Internet Recipe Hunting and Recipe Reformatting Tips III – Tuning Multiple-Page Complex PDF File
By Harry {doc} Babad and Julie M. Willingham
Okay, now comes the hard part: Our objective is fixing a multiple-page PDF recipe to compact it and make it easy to use. [NOTE: I’ve now tried all of these methods in Acrobat Pro 8 and they work, well and the interface is faster. Killing frames is more accurate and in general editing goes smother. …doc]
Reminder: There are three reasons to tune a recipe that you printed to PDF: To trim unneeded information for the recipe, shrinking the file size; To add an image to the recipe (See Part I of this tutorial); To modify any part of the recipe — changing ingredients, modifying cooking instructions, or adding background information. |
For this part of my tutorial, I’ll work with Darlene Schmidt’s the Easy Thai Green Curry Chicken, a multiple hotlink recipe from http://thaifood.about.com/od/thairecipes/ss/greencurry.htm.
§ § § § § § § § § § § § § § § § § §
Introduction
Darlene’s web-posted recipe provides us with detailed and well-illustrated information on making this wonderful Thai dish. The information is aimed beginner-level cooks. By illustrating techniques, as well as the core details of the recipe, it’s just the thing to get you started in Thai cooking.
Core Recipe Details, You Ask — These include the recipe’s background (at times), an ingredients list, preparation of ingredients, cooking procedure, and, sometimes, an image of the final dish. Some sites also provide nutritional information by portion of the final recipe.
Darlene’s Web Pages — The downloaded group of eight links contain about 50 to 80% duplicated, and, to me, unneeded information. My download resulted in 16 pages of material. Note that the number of pages you get when printing a website to PDF depends on the font size you’ve selected in your browser to view the web page. Since I always enlarge the size of the web image before printing, usually by two sizes, I may get more pages than you would. My excuses: the file is easier to read, and, when downloaded at the larger font size, easier to manipulate.
I could have copied the essentials into a MS Word document by dragging-and-dropping text and/or images from the web page. It is a fast and easy way to capture and trim complex web-based material into a more pleasing format and more focused document, but you lose most of the original’s formatting. (See Part II of this article.) |
What follows is not line-by-line or page-by-page instruction (e.g., an operating procedure). It’s about cleaning up a complex, multi-page recipe you’ve downloaded as a PDF, by removing extraneous material.
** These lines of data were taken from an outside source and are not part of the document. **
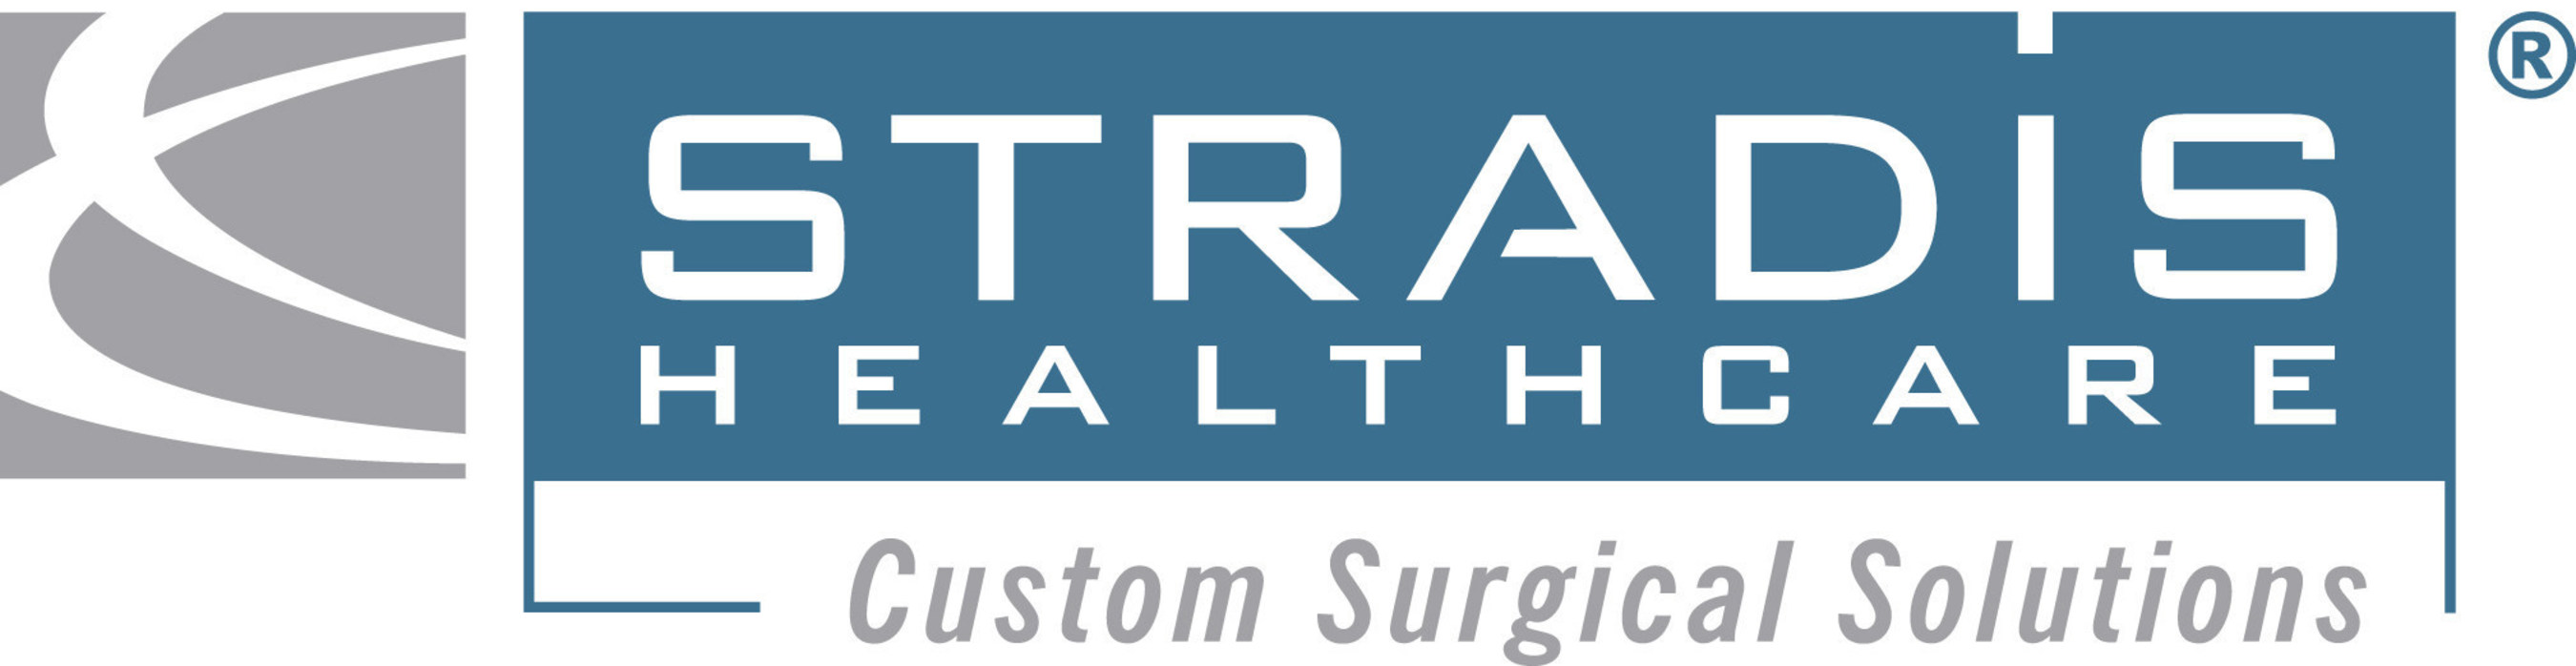 Stradis Healthcare logo
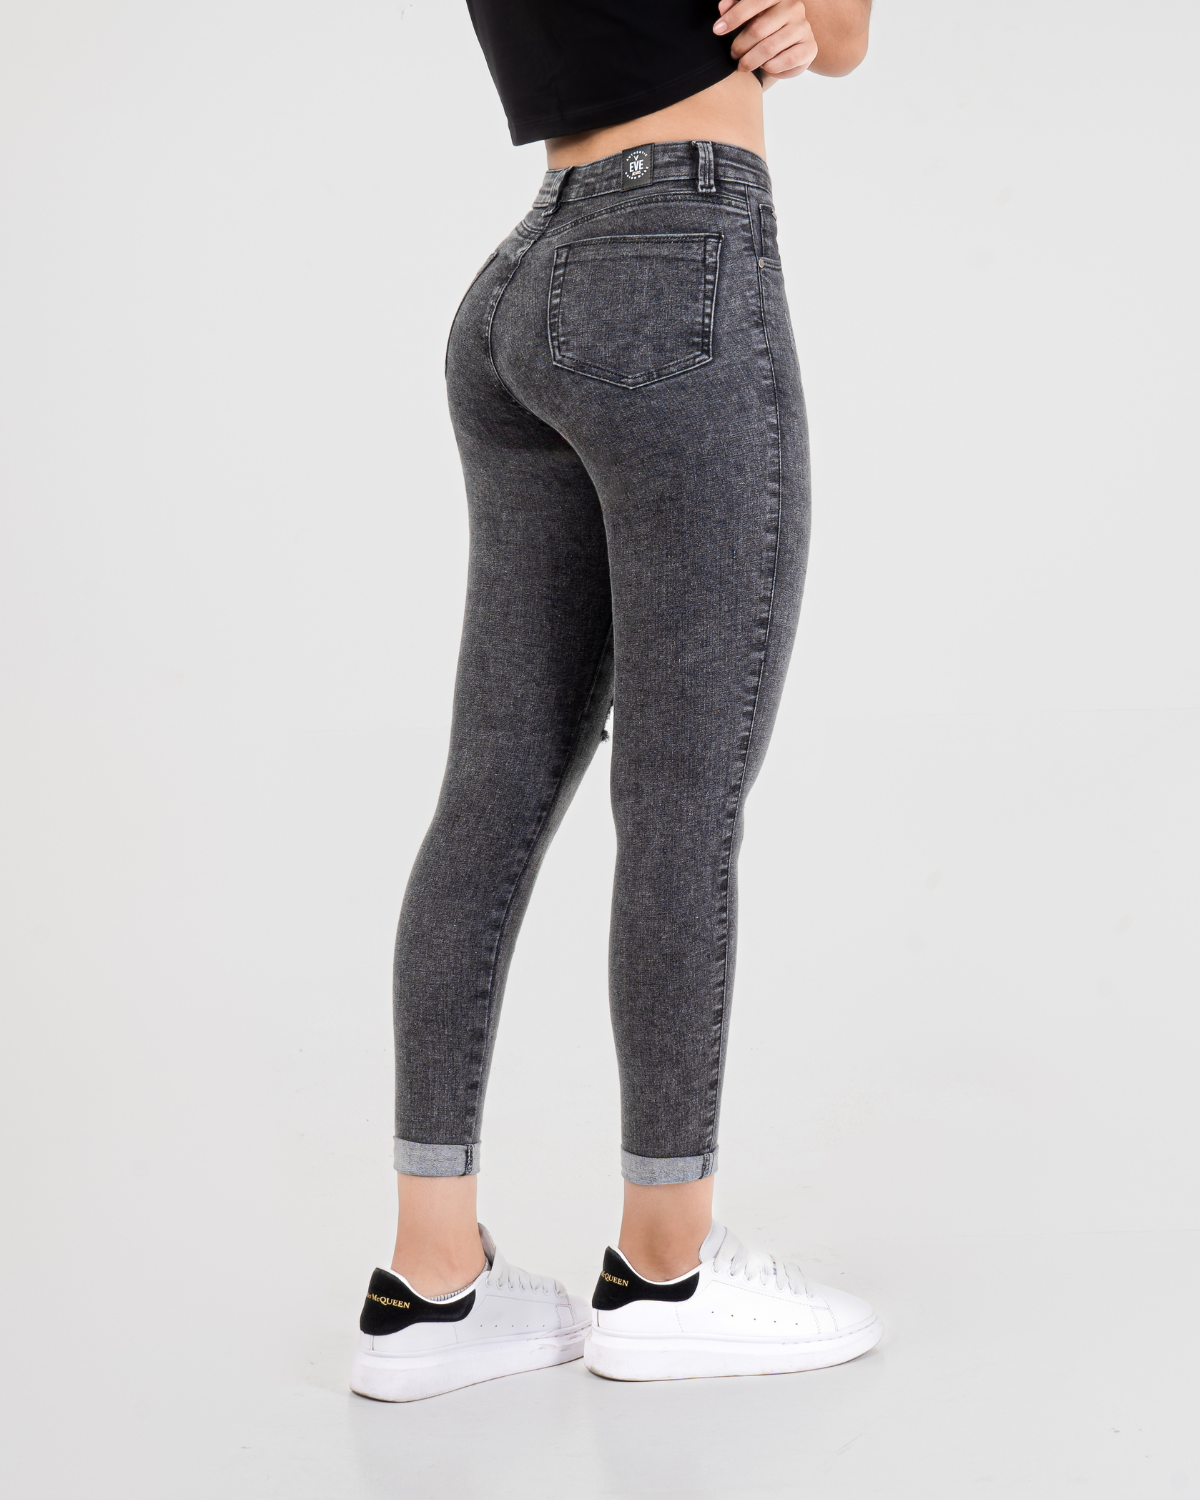 Jeans Con Realce Dama EVE Ref 12810 - Luegopago
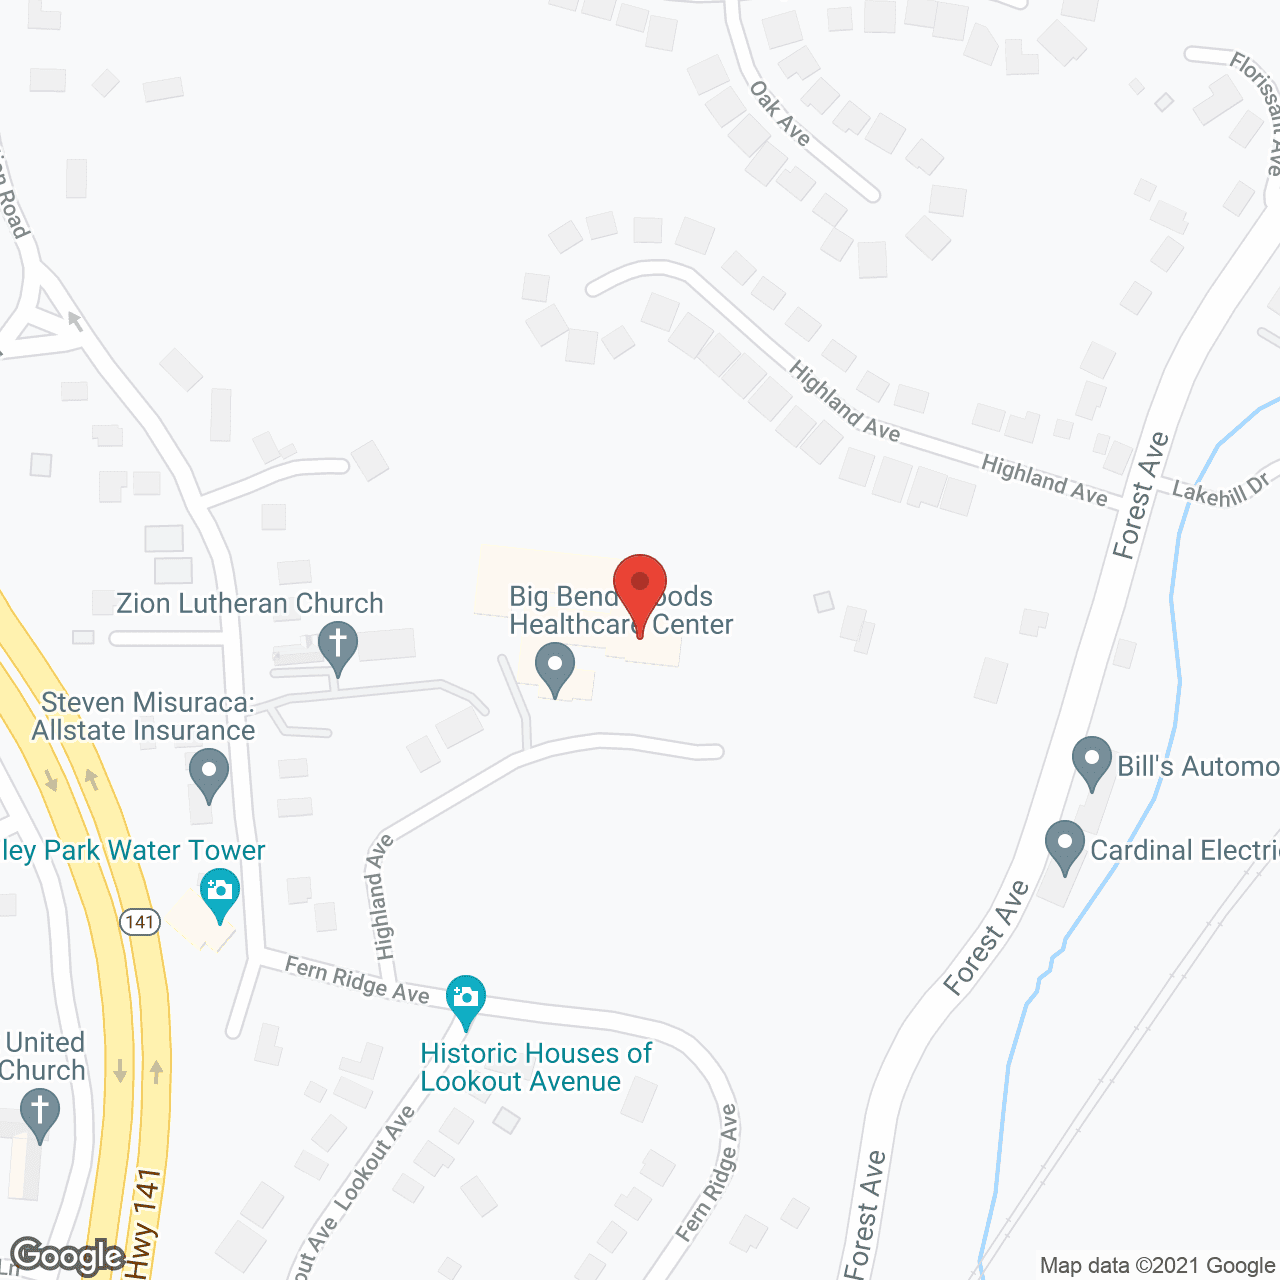 Big Bend Woods Healthcare Center in google map

Then I illustrate how to complete the customization by shifting content from the remaining pages to the white space now in the PDF to further reduce its size. I provide only stepwise notes in a sequence that you can use to guide your efforts. (Not even I can get away with a 25-30-page macC article—our editor is very firm on that.)
Introduction To The Tools Of The Trade
I use Adobe Acrobat Professional as my primary tool when modifying PDFs, but all of the changes I describe can be done using Acrobat Standard. (I own the professional version for its other features, which are unrelated to recipe manipulation.) I also sometimes use software for cropping images or changing their resolution, such as Photoshop Elements, or Graphic Converter. There are also shareware tools that allow PDF file modification — Check them out at the MacUpdate Site.
Okay, Here’s What We’re Going To Do
If you were doing this for real, rather than as a tutorial, you would download each of the eight links as separate PDF files, making sure their names are distinct. (Save them to your desktop by printing them to PDF.) Fortunately, only two things matter when working with a complex PDF file collection: (1) the methods you’ll learn to use, and (2) an image, in your mind, of how you want the final recipe to look.
The examples that follow in this Part III tutorial use only the first three downloaded links from Darlene’s recipe. To collect only the minimum needed recipe information, use the print this page feature provided on the About.com website. But even when using print this page, lengthy hot linked recipes still have too much extraneous materials for my taste. This website feature removes sidebar material and, at times, images. (Okay, as you read in Part I, it’s easy to add an image back into a PDF.) |
List of Preparation Topics (Hotlinks) Thai Green Curry Ingredients Pounding Coriander Seeds Processing the Ingredients Processed Ingredients for Thai Green Curry Chicken recipe Simmering Oil, Paste, and Coconut milk in Wok Boiling Chicken - Thai Green Curry Adding Peppers -Thai Green Curry Thai Green Curry Chicken |
You can also download each PDF recipe part, edit each individually, and combine the results when you’re done. It does not make a difference which order you work on the recipes pieces. But I prefer to work with a combined PDF because it is easier for me to be consistent in the changes and deletions I make.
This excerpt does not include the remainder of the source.